Dr. Russell says some of the confusion
may result from the negative feelings often
attached to the term "feminism".
"I think some people are wary of
anything associated with the label
"feminist" because of some of the radical
views of the early years of the feminist
movement.
"We are not attempting to drive women
from their homes, to neglect their
families," she adds. "Being pro-female is
not the same as being anti-male."
She says that feminist counselling is
directed as much to women who wish to
remain in the home as to those women who
work outside the home.
"I think women now have a broader
sense of what feminism is — they see it in
terms of expanding and exploring
opportunities in any area they desire.
"The idea that women have to abandon
the home to be fulfilled is just as
restricting, in my opinion, as the previous
stereotypes."
Dr. Russell says the goal of feminist
counselling is to help an individual identify
her goals and needs, as well as the social
and personal forces that are preventing her
from meeting those needs.
"It is a broadly-based type of counselling
which helps a person determine where her
interests and skills lie, regardless of what
has previously been considered 'male
territory' or 'women's domain'.
"The problem with the traditional style
of counselling women is that the
stereotypical views of women are often
reinforced," says Dr. Russell. "Traditional
counselling tries to adjust the woman to fit
a particular role, which in the past has
usually meant that of wife and mother.
"Traditional counselling takes the
approach that if a woman is unhappy with
her situation it must be because something
is wrong with her ability to fill her role and
counselling is directed toward resolving this
inadequacy.
- Ggpyi^f-M..
Jm
Mary Russell
"Feminist counselling recognizes that a
woman's social situation, being devalued
and relatively powerless, is stress-producing
in itself."
Dr. Russell gives the example of a
woman with young children who is feeling
tired and frustrated.
"A traditional counsellor would view this
as the woman's problem," she says. "He or
she would probably want to know about
her childhood history to see if there was
anything that might have hindered her
development into the female role, and she
would be encouraged to talk about her
conflicts with the ultimate goal of adjusting
to a situation that was unchanged.
"The first thing that would be done in
feminist counselling would be to assure the
woman that it is natural to feel somewhat
frustrated when caring for young
children," says Dr.

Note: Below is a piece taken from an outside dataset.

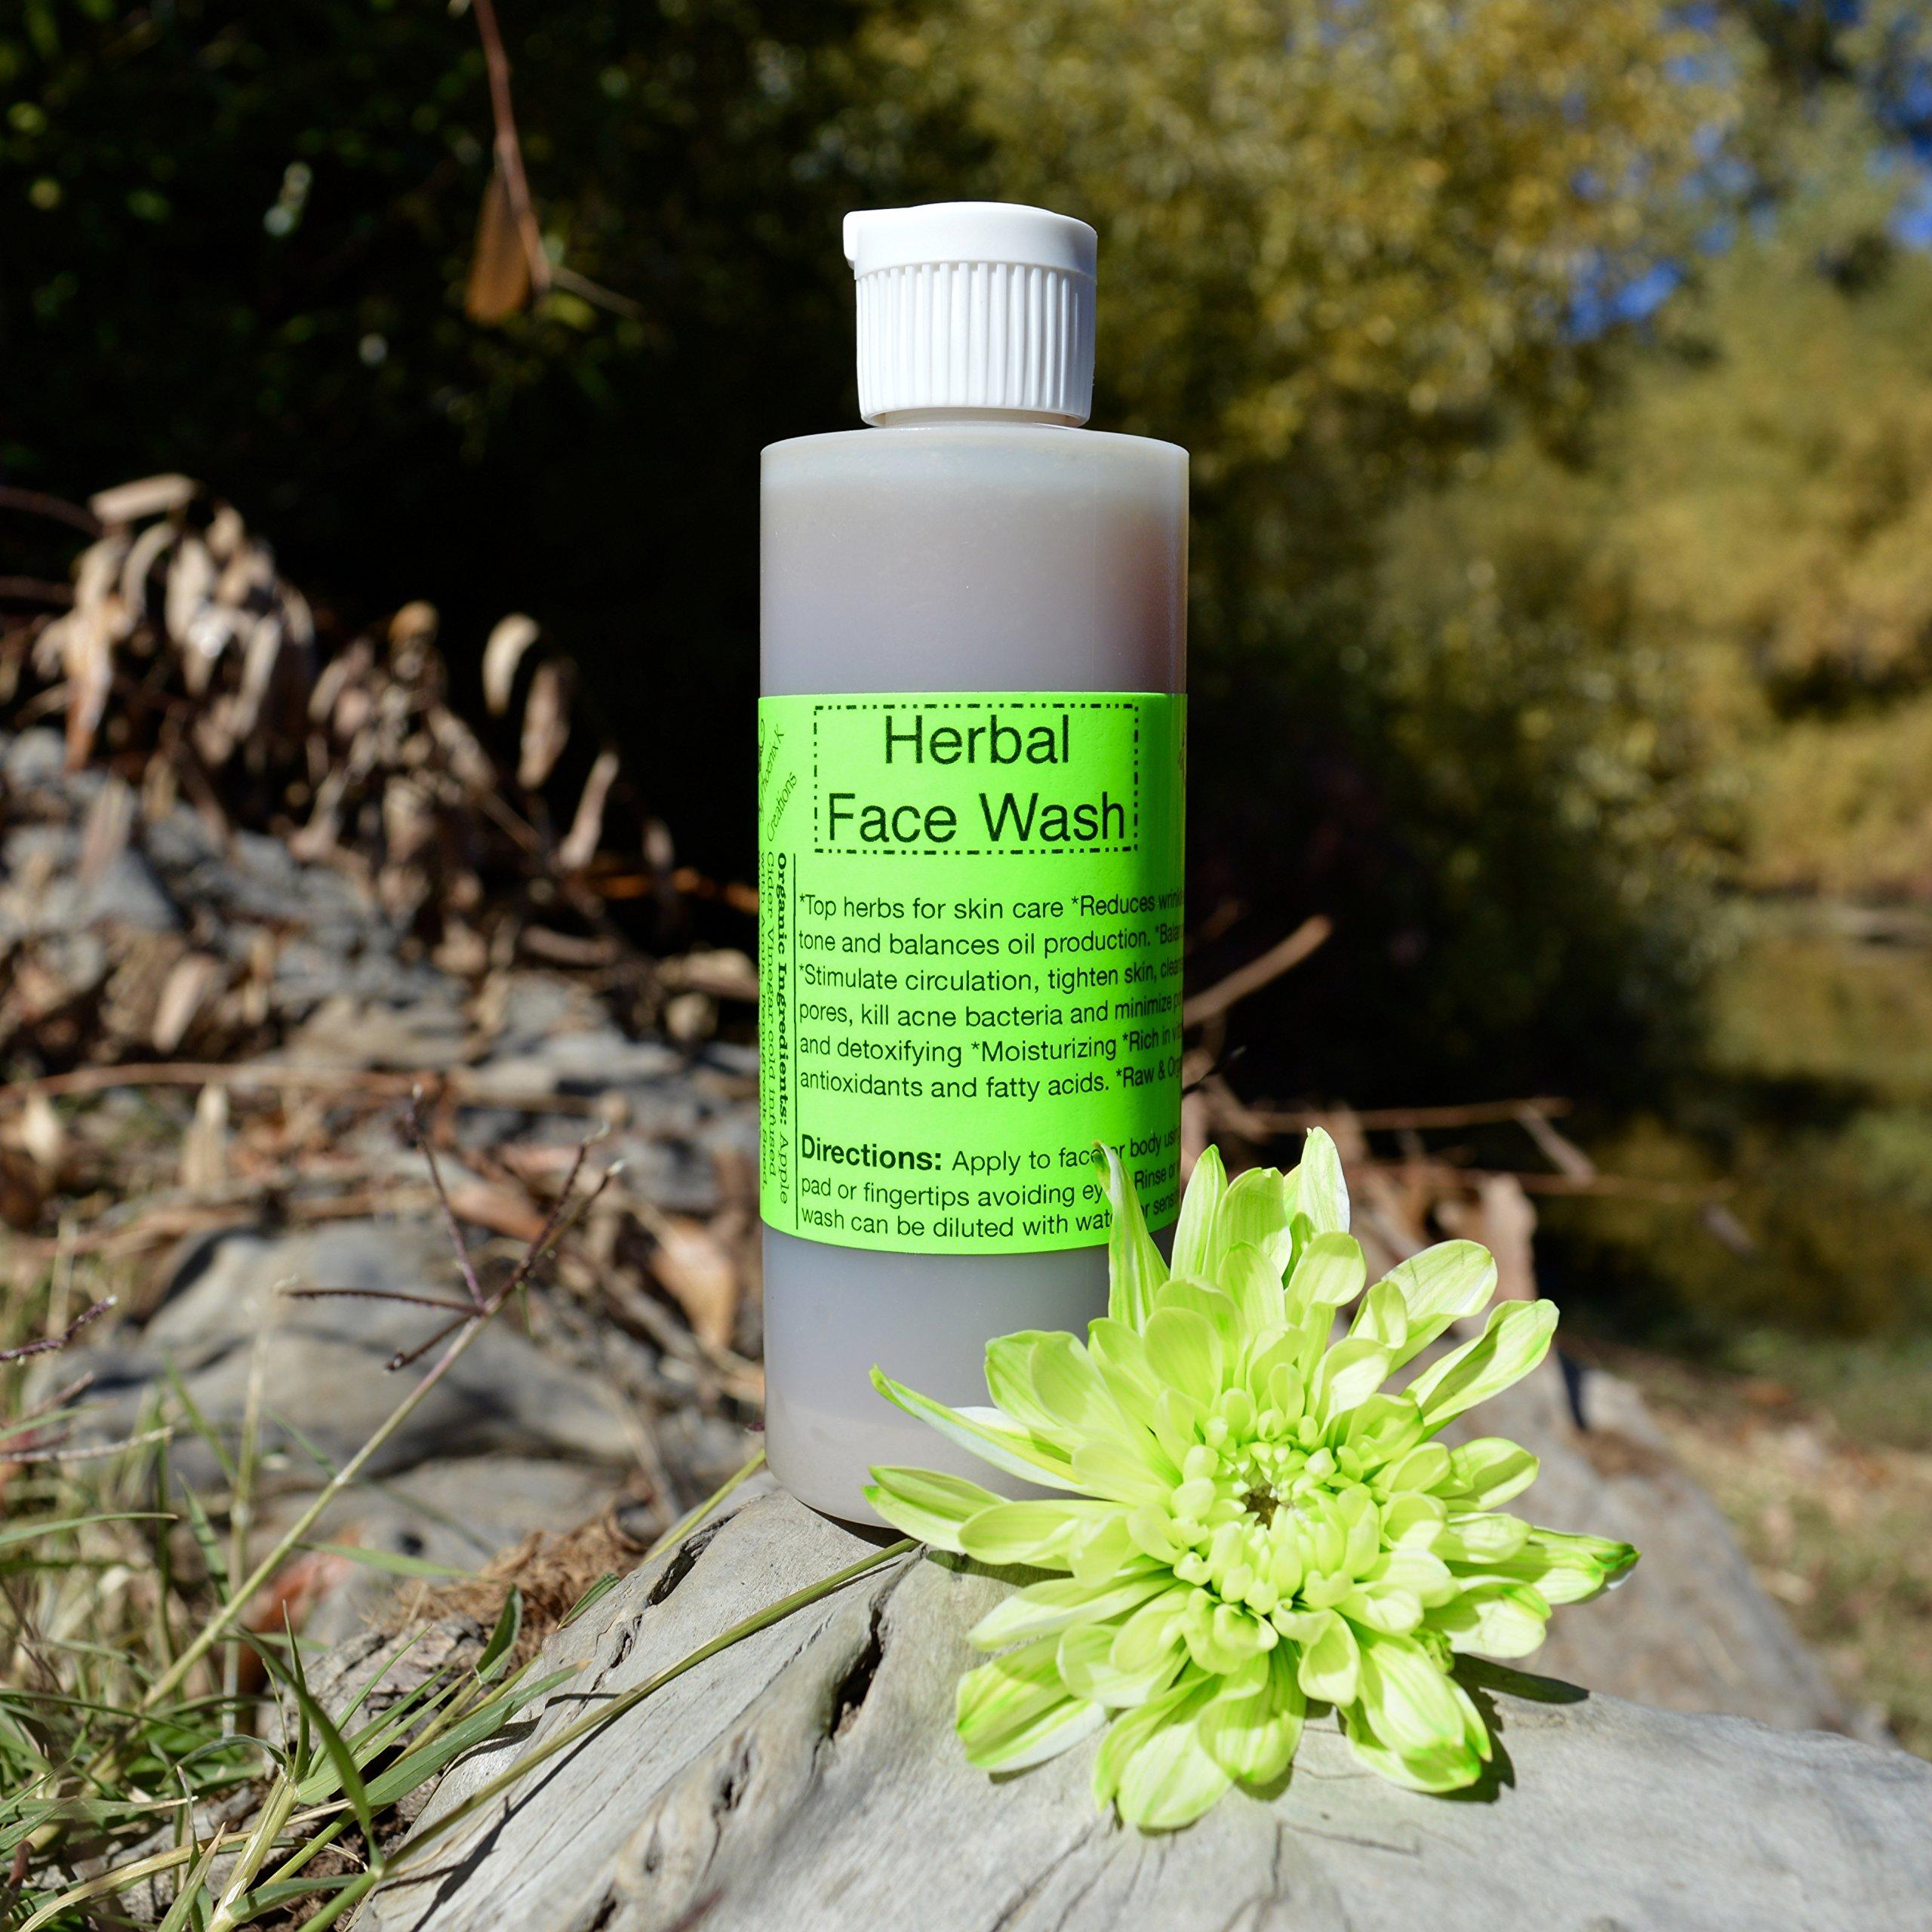 Herbal Face Wash- 4 Oz- Raw, Vegan, Organic, pH Balancing, free of harsh soaps and detergents, sensitive skin safe, balances oil production

Russell. "Most women
feel they've failed their family if they
become upset or depressed and can't cope
with their role of wife and mother.
"A feminist counsellor would then
explore what personal and social changes
are necessary to relieve that stress."
Dr. Russell identifies five key counselling
skills in her new book.
"The first aspect of feminist counselling
is to encourage women to have a positive
image of themselves," she says. "It isn't just
society that puts women down. Women
have to start placing more value on the
skills they have.
"Secondly, we try to help women
understand the various social structures
that exist in society and how they
contribute to individual problems.
"We also promote total personal
development. Women are encouraged to
look at their goals in a more flexible way
— not just at what they feel to be feminine
skills, but any area they would like to
explore.
"Self-disclosure, a method of using
personal experience in the counselling
session, and behavior feedback —
observing and describing a person's
behavior to them — are also used in the
feminist counselling approach.
"The approach is based on the idea of
working through the client's problem
together rather than the counsellor as a
power figure dispensing advice."
Dr. Russell says counselling specifically
for women began about 20 years ago. "An
increasing amount of work is being done in
this field and it is gaining more
respectability as an area of research.
"Women do look at the world differently
than men, and unless our welfare and
counselling programs reflect this, they will
be ineffective for women."
According to Dr. Russell, women tend to
view life more in terms of relationships,
caring for others and creating networks
with other people while men tend to be
task-oriented, concerned with
accomplishments and achievements.
"I'm not certain that men and women
face different problems, but the way they
view their problems and the manner in
which they express their conflicts are
definitely different."
Dr. Russell is turning her attention to
ways that feminist counselling skills can be
incorporated into the curriculum of social
work schools.
"Some of the skills are replacements for
traditional skills, some are just slightly
different angles of approaches that are now
in practice. It's difficult to decide whether
we should teach the feminist approach in
separate courses or incorporate it into the
general counselling courses.
"It seems to be a trade-off. If you teach
it separately you reach a smaller audience,
whereas if it is added to the general
counselling curriculum you have a larger
cross-section of students but the material
may get lost in the shuffle."
Dr. Russell feels the need for counselling
for women might decrease if women
received more encouragement to explore
goals in a wider range of areas.
"I think it would be ideal for both men
and women if male and female roles were
disregarded or were expanded to include
any area of interest that would help an
individual to be fulfilled and content with
his or her lifestyle." UBC Reports March 28, 1984
CAMPUS
P€OPI£'
Tim Fulbright, a graduate student in
Anthropology at UBC, has received $1,000
as one of six top prize winners in the
Honeywell Futurist Awards Competition.
Three $1,000 and three $500 prizes were
awarded in the Canada-wide competition,
in which students were asked to write
about technological developments of the
next 25 years and their impact on society.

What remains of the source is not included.